The Admiral Brommy was a German Bark and the first ship after Rear Admiral Karl Rudolf Brommy was named.

The ship

The barque was completed in August 1851 at the Tecklenborg shipyard in Geestemünde . Their measurement was 560  GRT , the length 40.5 m, the width 9.8 m and the draft 6.2 m.

Travel as Admiral Brommy

The first ship management was carried out by the Bremen company, Gebrüder Kulenkampff; the ship therefore carried the Bremen bacon flag , but remained the property of the Tecklenborg company. The maiden voyage under Captain Johann Georg Poppe led from Bremerhaven to Odessa (September 7th to November 3rd, 1851).
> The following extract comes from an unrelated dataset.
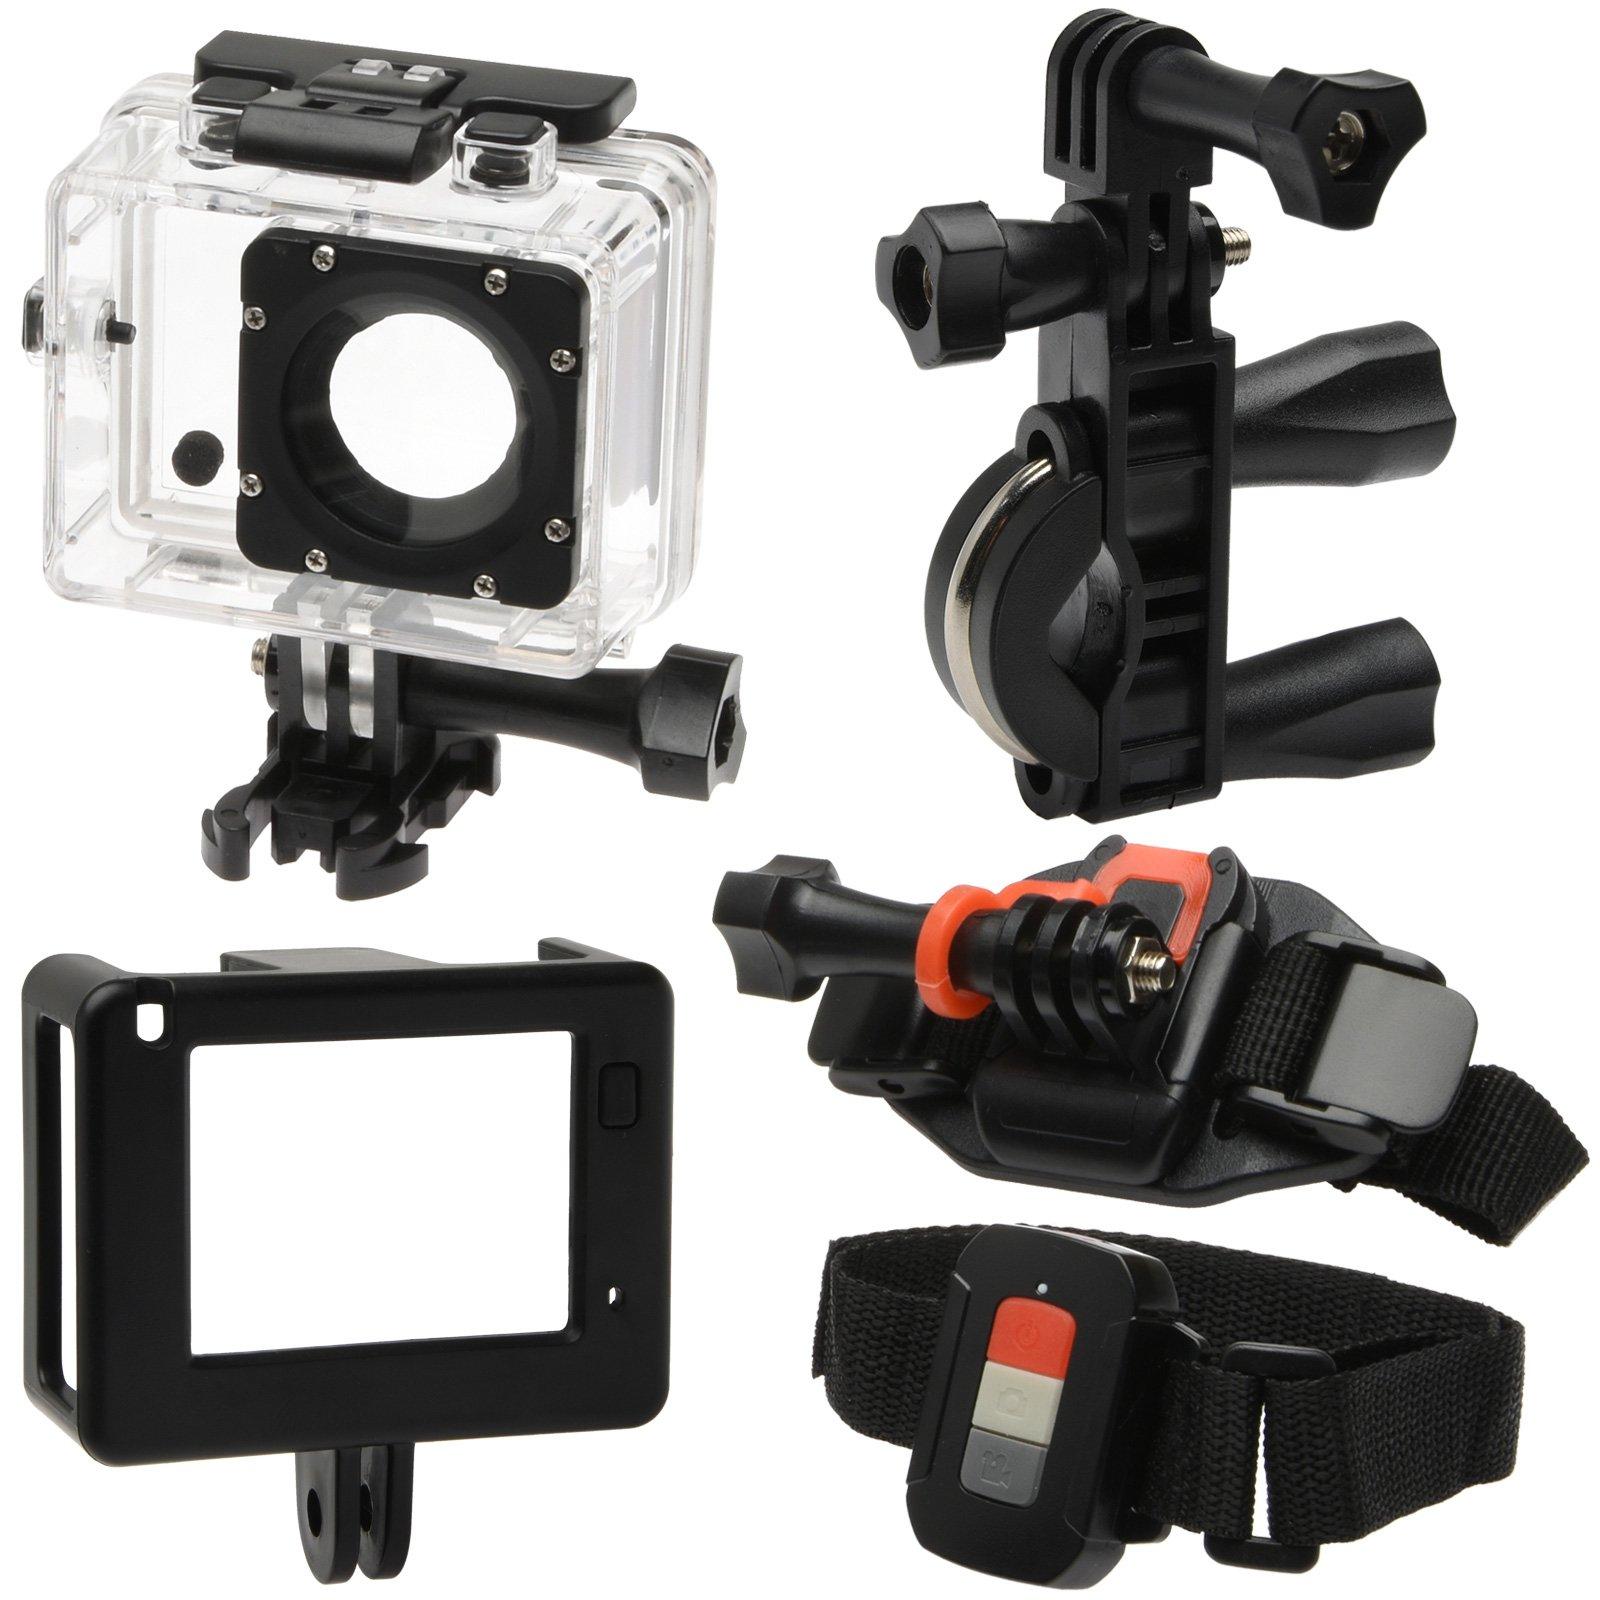 Vivitar DVR914HD 1440p HD Wi-Fi Waterproof Action Video Camera Camcorder (Black) + Remote, Helmet, Bike, Suction Cup + Dashboard Mounts + 64GB + Case Kit by Vivitar (Image #3)

In 1852 she was used for two transports of emigrants ; once from the Weser to New Orleans (292 passengers, 57 travel days) and once from the Weser to New York (308 passengers, 34 travel days). On the way back from New York, she took on the crew of the sinking brig Jane Watson , which was on a journey from Québec to Dublin .

Travel as a meteor

On December 21, 1851 (?) The barque from Tecklenborg was sold to the Hamburg company TE & C. Vidal and renamed Meteor ; However, Poppe remained the ship's captain. In 1853 she made a trip with 326 emigrants from Southampton to Sydney . The return journey was via Batavia to Rotterdam and Hamburg.

Under the new captain Matthias Wilcken, she then made trips from Callao to Hamburg and Melbourne to Hamburg. On another trip to Melbourne, Wilcken died on January 4, 1856 after a serious illness and was buried at sea. The ship's command was taken over by chief helmsman Heinrich Helmut Poppenhagen. He apparently remained captain of the Meteor until 1858 . He was followed by CHM Adam, for whom a trip to Melbourne is documented.

Final fate

In 1860 the Meteor was sold to N. Andressen & Co. in Christiania ( Oslo ). Her first trip under the Norwegian flag was to Quebec. The captains Hansen and C. Olsen can be traced back to 1867. The further fate is unknown.

Culture of remembrance

There are two oil paintings of the barque . One shows her as Admiral Brommy and is attributed to Fritz Müller, but has no signature or year. The other picture is verifiably by L. Petersen from the year 1853 and shows it as a meteor under the Hamburg flag with the shipping company flag of Vidal.

See also

literature

  • Peter-Michael Pawlik: From the Weser into the world. Volume 3: The history of the sailing ships from the Weser and Geeste and their shipyards from 1710 to 1927. Bremen - Bremerhaven - Geestemünde. Hauschild, Bremen 2008, ISBN 978-3-89757-332-1 , pp. 325, 334–336.

Footnotes

  1. The two paintings are reproduced in color in Pawlik: Von der Weser in die Welt. Volume 3. 2008, p. 335.